Mario langweilt sich
    Einmal mehr saßen sie an den schäbigen Pulten in ihrem drögen Sitzungssaal. Wie viele Stunden seines Lebens hatte er schon in diesem trostlosen Raum verbracht, dessen einziger Schmuck aus ein paar nackten Glühbirnen, einigen vergilbten Fahndungsplakaten und einem großen Rauchverbotsschild bestand? Mario vermutete, dass die Zahl in die Tausende ging.

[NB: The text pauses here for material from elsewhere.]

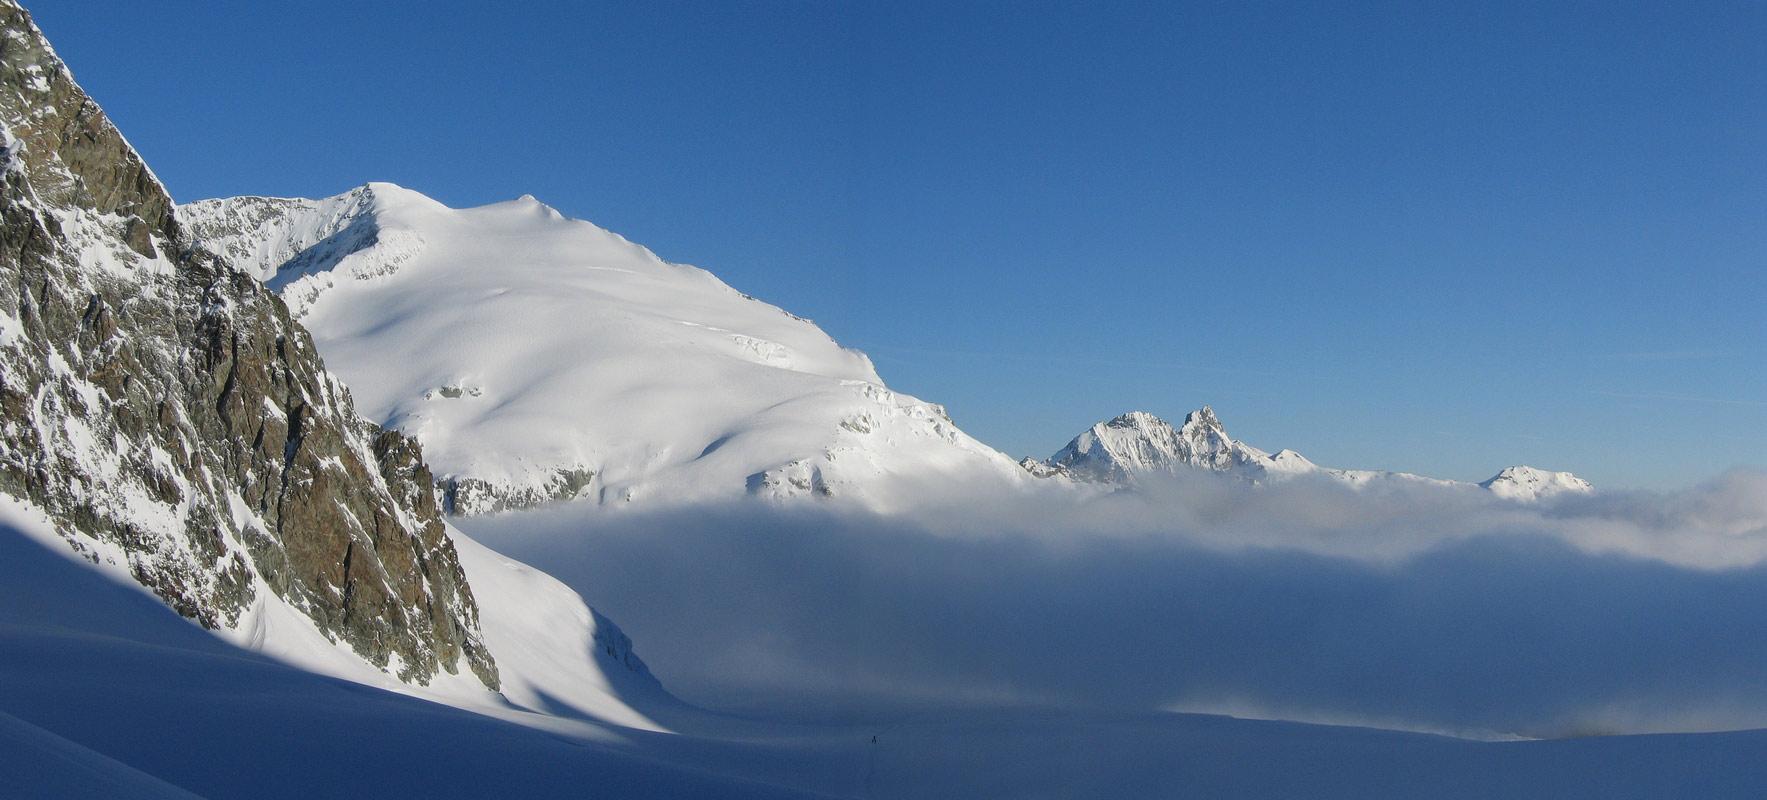 Col Valpelline, Day 6 H.R. Chamonix-Zermatt Walliser Alpen / Alpes valaisannes Švýcarsko panorama 29
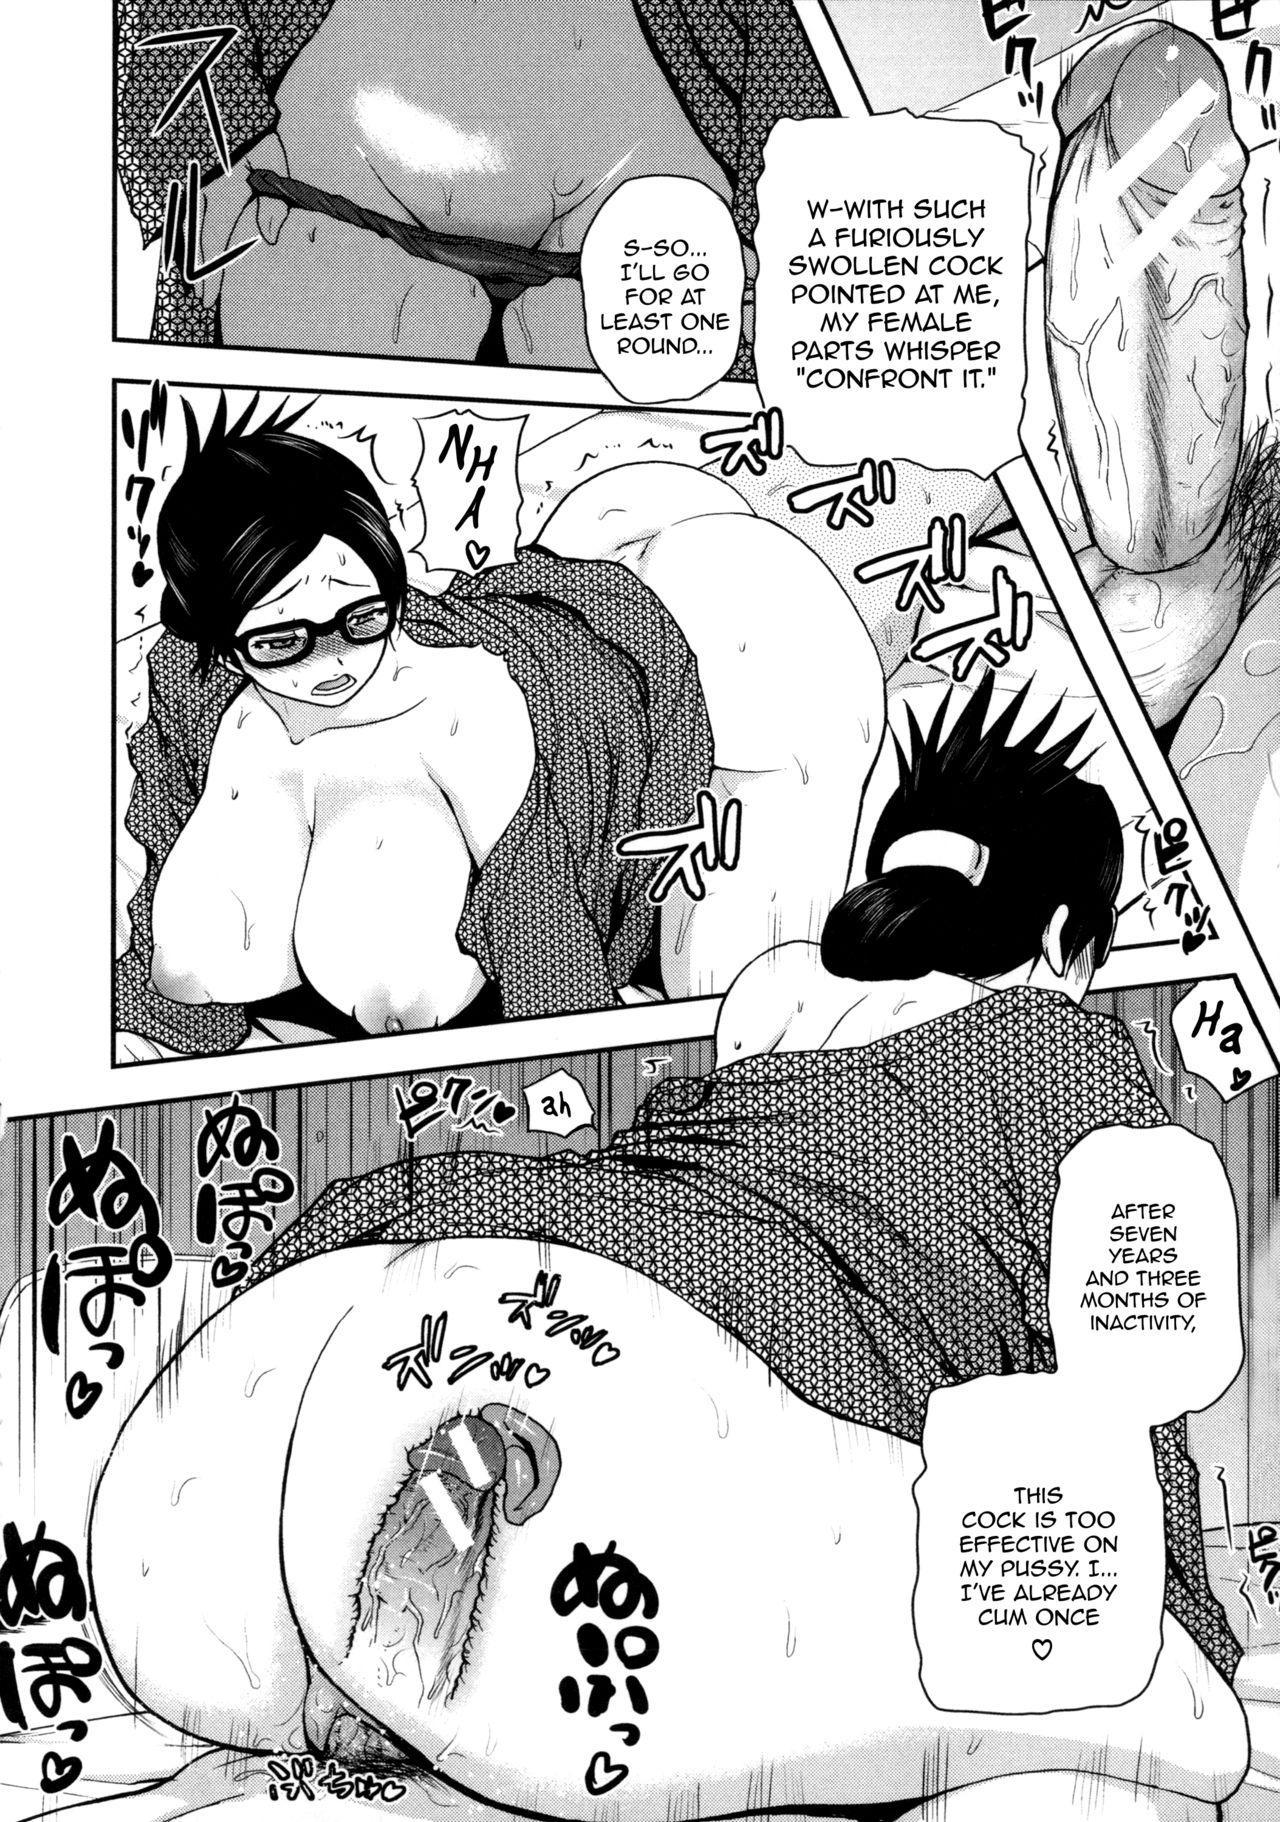 [Yoshimura Tatsumaki] Monzetsu Taigatame ~Count 3 de Ikasete Ageru~ | Faint in Agony Bodylock ~I'll make you cum on the count of 3~ [English] [Brolen] 225

    Michael war gerade dabei, auf einer Tafel die wenigen Fakten, über die sie in ihrem aktuellen Fall verfügten, in einem Schaubild in Beziehung zueinander zu setzen. Neben ihm entflammte der alte Häberli eine seiner stinkenden Gauloises.
    »Was wissen wir mit Sicherheit?«, fragte Michael in die Runde. »Was wissen wir mit großer Wahrscheinlichkeit? Was vermuten wir?«
    »Vor neunzehn Tagen kam Rexon Nadesapilay mit einer Maschine der Emirates über Dubai in die Schweiz. Er stieg im Hotel Leoneck ab und nahm Kontakt zu ortsansässigen Tamilen, insbesondere zu der Familie Uruthiramoorthy auf«, begann Gret. »Er rief sie nachweislich drei Mal zu Hause in Thalwil an und traf den Familienvater dann in der Seerose. «
    Michael kritzelte etwas auf die Tafel. Mario machte sich gar nicht erst die Mühe hinzusehen.
    »Am Sonntagabend vor einer Woche besuchte er im Riff Raff einen Filmnachmittag, ließ sich später an der Rezeption seines Hotels ein Kuvert aus dem Hoteltresor geben und verschwand«, fuhr Gret fort. »Nachts um fünf fand ein Anwohner seine Leiche im Hinterhof des Kinos.«
    »Okay. Und weiter?«
    »Wir fahren in die Seerose, weil wir in Rexons Zimmer eine Visitenkarte dieses Lokals finden, und zeigen das Foto des Ermordeten vor.«
    Grets und Michaels Worte wirkten auf Mario wie Baldrian, bis der Redefluss plötzlich verstummte.
    »Mario?«
    »Ja?«
    Er riss sich aus seinem Dämmerzustand und bemerkte, dass alle Augen auf ihn gerichtet waren. Wovon war zuletzt bloß die Rede gewesen?
    »Wir verfolgten den Mann und er krachte in eine Asphaltiermaschine«, orakelte er ins Blaue.
    »Ob die Einvernahme von Mutter Uruthiramoorthy etwas gebracht hat, habe ich gefragt«, sagte Michael unwillig.
    »Äh, nein«, stotterte er. »Sie macht wohl wirklich nur den Haushalt.«
    Michael ließ es stirnrunzelnd dabei bewenden.
    »Die jüngere Tochter der Uruthiramoorthys erzählte mir gestern, dass Rexon offenbar ein tamilisches Mädchen freikaufen wollte, das dem verunfallten Lathan versprochen war«, ergriff stattdessen Gret wieder das Wort.
    »Sind wir sicher, dass die Kleine uns die Wahrheit sagte?«, äußerte sich Häberli unverhofft. »Oder gefiel uns einfach, was sie erzählte?«
    Der Rest der Truppe betrachtete den alten Mann verwundert. Er trug heute eine hellbraune wollene Strickjacke über einem rot-grau-blau gemusterten Baumwollhemd und drückte wie zur Betonung seiner Bemerkung die Gauloise in seinen Fingern in den Aschenbecher.